An appeal is underway, Prudhomme says.
Avta was caught in a much harsher attitude to marijuana under the Trump administration than under Obama, who was content to let the states make their own decisions. The people who find themselves first in the crosshairs are people who aren’t American.
Under U.S. federal law, there is no such thing as legal marijuana — recreational, medical or otherwise. Despite rumblings, however, federal Attorney General Jeff Sessions has so far hesitated to use the full force of the law on marijuana in states where it’s legal. Non-citizens, however, are much more vulnerable to federal authority than Americans.
Last year, media reported on the case of a Chilean woman who innocently told U.S. immigration officials in Los Angeles that she had smoked pot in Colorado: “It’s legal there,” she said. She found herself in a holding cell, then deported back to Chile with a lifetime ban on entering the United States, derailing a relationship with a U.S. citizen and her plans to attend grad school in Colorado.
Canadians who admit at the U.S. border that they’ve ever smoked marijuana — even decades ago — face lifetime bans from the United States that immigration officers can impose on the spot.
Canadians banned from the U.S. can apply for a waiver allowing them to cross, but the process is cumbersome and expensive, and the application has to be restarted from scratch every few years for the rest of the person’s life.
The $11-billion legal U.S. marijuana industry will near 300,000 jobs by 2021. And several occupations on the NAFTA list to get an easily obtained TN visa might be relevant to working in cannabis — plant breeder, for example, or pharmacist.
But while, for all practical purposes, marijuana is legal for Americans working in their own country’s industry — where states allow it — it in effect isn’t for Canadians, who are vulnerable because of their immigration status.
And Canadians who apply for TN visas to work in cannabis are being turned down — and may face worse consequences just for applying, warns Scott Railton, an immigration lawyer in Bellingham, Wash.
“We’ve seen cases where the border has identified people who intend to work in the legalized industry, and they’ve actually denied their admission. I’ve seen, in at least a couple of cases, that they’ve designated the person as being engaged in trafficking.”
“In some ways, the federal government is treating anyone in Canada associated with the legal industry as if they were cartel members.”
Canadians who want jobs peripherally related to marijuana might get TNs, but on the other hand, Railton says, “I’ve seen accountants denied entry, and I’ve seen them have a hard time getting back in later.”

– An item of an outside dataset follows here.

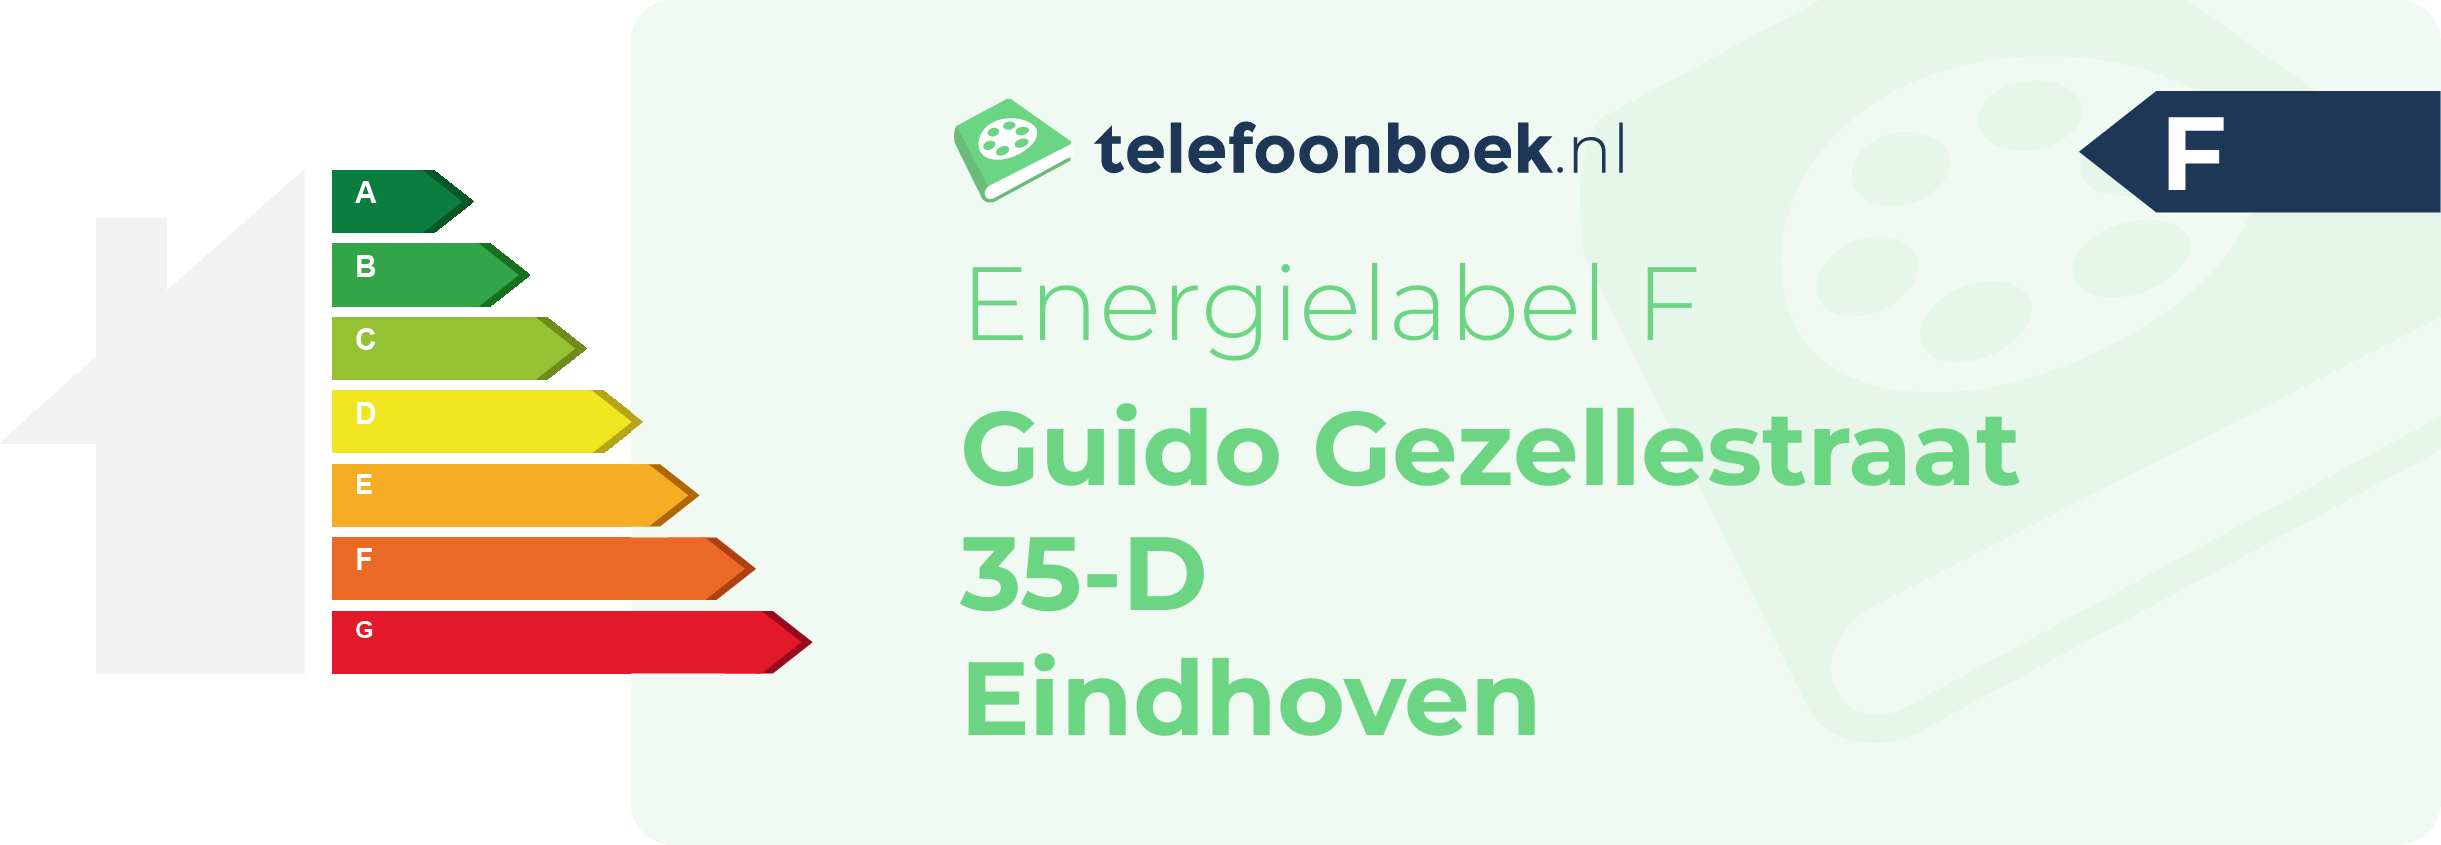 Energielabel Guido Gezellestraat 35-D Eindhoven

WATCH: The federal government point person on cannabis legalization, former Toronto Police Chief Bill Blair, told reporters Wednesday that those concerned about the government’s timeline for marijuana legalization are simply “misinformed.”
“This treatment that I got is because I’m an immigrant, not a citizen,” Avta says. “More than 200,000 people work in this industry in the United States, and every one of them are traffickers and criminals, federally. But nothing happens to them.”
Prudhomme says he’d tell a Canadian with a job offer from a U.S. cannabis business not to take it.
“He’d better stay in Canada and do what he’s doing.”
Avta says he would say the same.
“I would say to this person: ‘Stay in Canada. Don’t go to the United States until the rules are fixed.’”
Railton agrees ” … until things shake out a bit better. There are a lot of legal unknowns with the legal marijuana industry in the U.S. right now.”